Daniel Filho constrói uma obra detalhista, detalhada, cuidadosa que consegue ser uma fiel reprodução visual das peças de Nelson. A alça do soutien branco aparecendo sob a roupa preta; o velho sem camisa fumando no corredor do Conjunto do Pedregulho; a enfermeira misturada à multidão na casa-palácio de Boca; a pequena barriga do personagem principal. A soberba direção de arte de Mário Monteiro é o chão dos elementos cinematográficos que ressaltam a direção de atores, cujo gingar de um arquetípico jeito de ser carioca é o diferencial da brilhante direção de Daniel.

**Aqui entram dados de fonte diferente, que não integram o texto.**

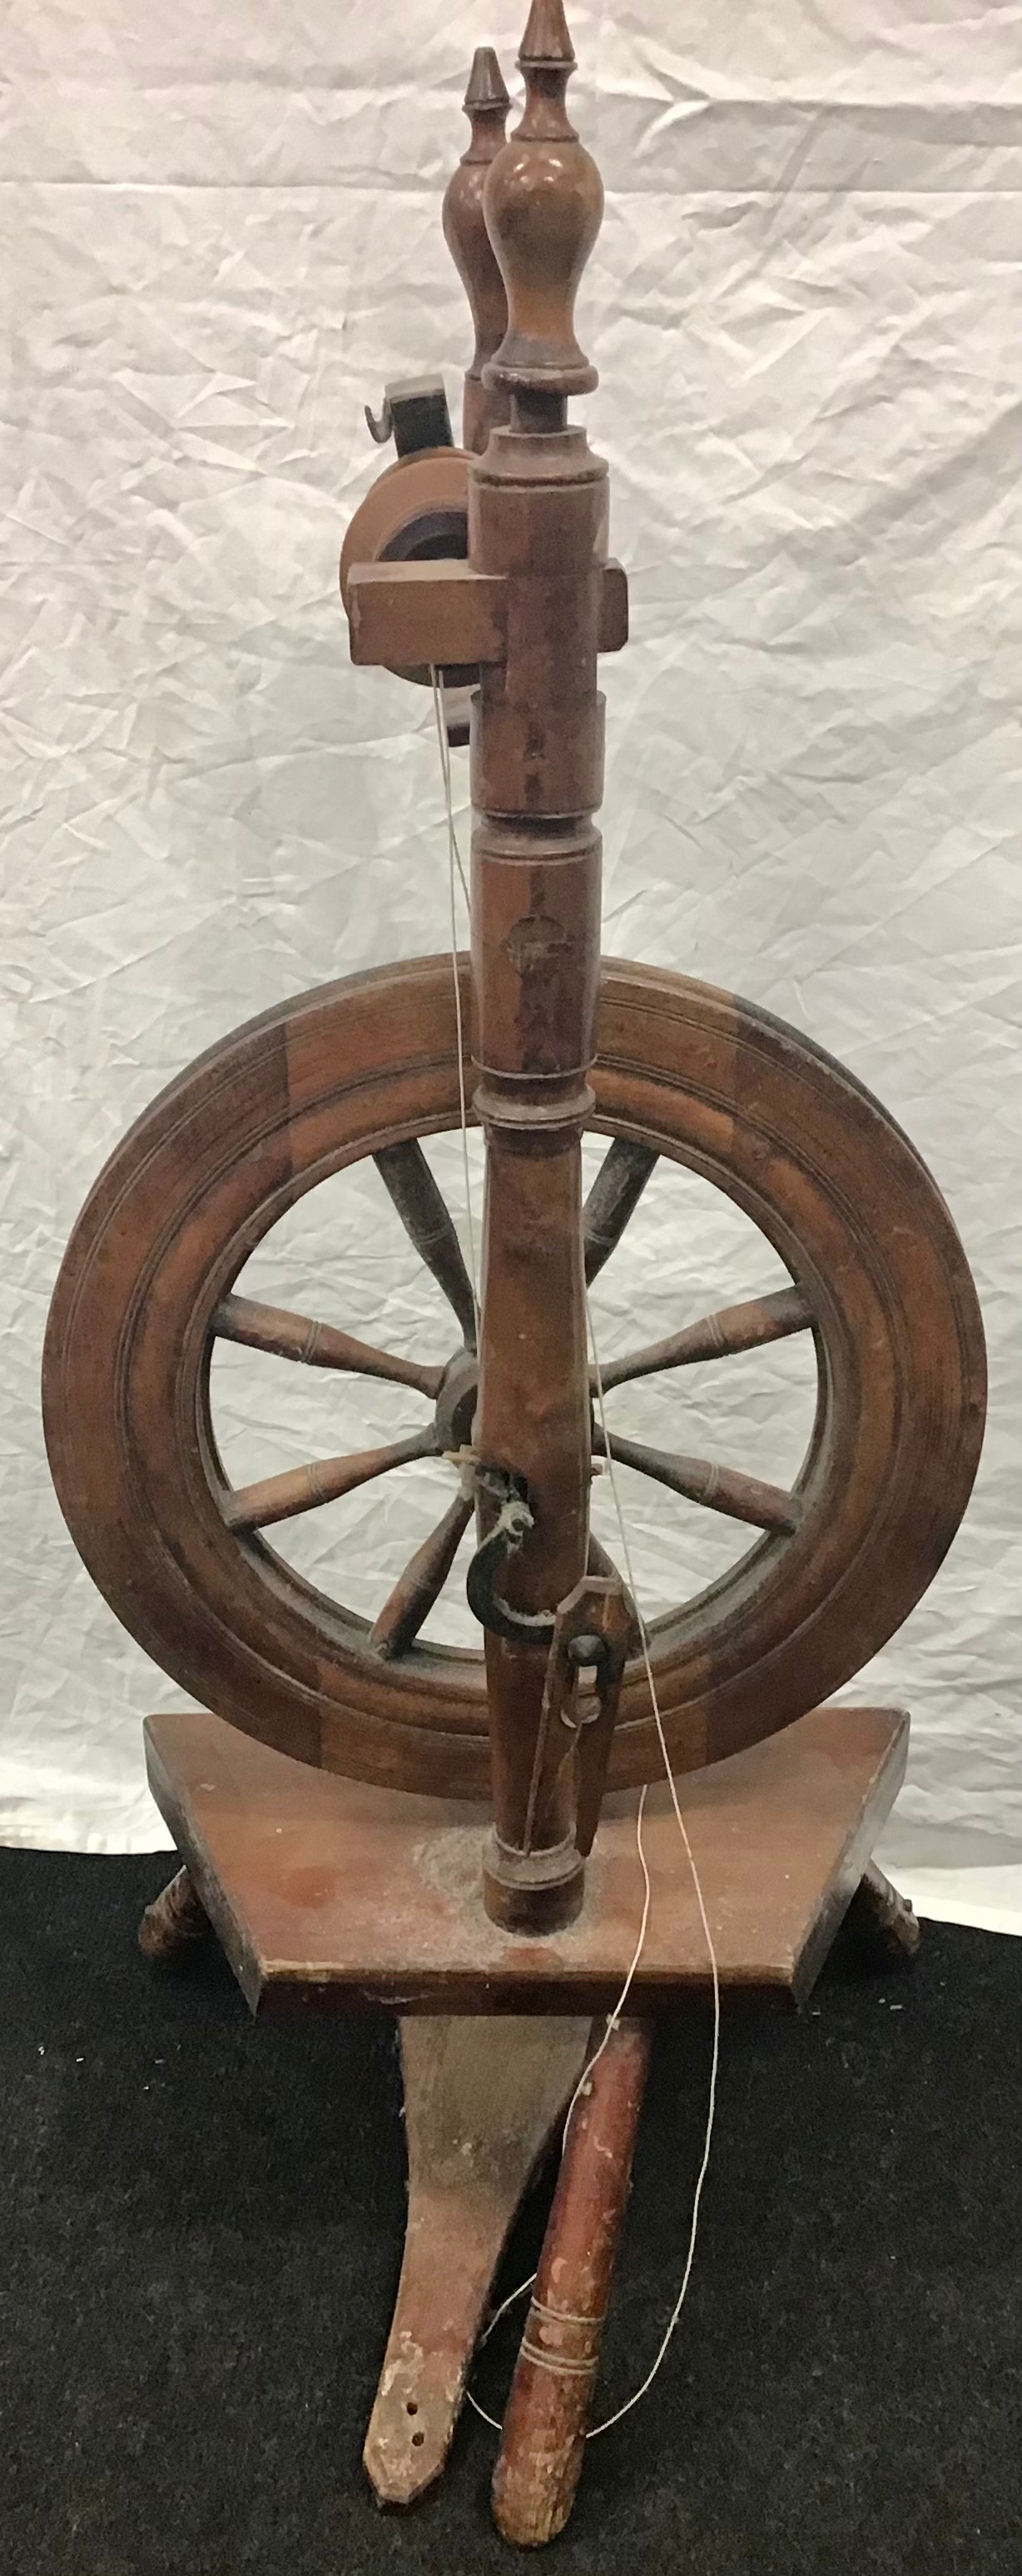 Wool spinning wheel - Image 3 of 3

Fala Daniel Filho sobre a escolha do texto rodriguiano. “O Nelson merece ser refilmado sempre. Minha intenção nunca é mexer no Nelson ou dar uma interpretação. Aliás, eu, como diretor, não acho que devo incluir minha interpretação. Meu desejo é ter a interpretação que a peça pede. Como eu já disse, me acho um diretor sem personalidade porque gosto de adquirir ao máximo a personalidade do autor, do que ele quer contar.” E aí dizemos nós, fãs de Nelson, o filme tem total personalidade e, podemos afirmar com segurança, Boca de Ouro de 2020 é a melhor transposição de Nelson Rodrigues.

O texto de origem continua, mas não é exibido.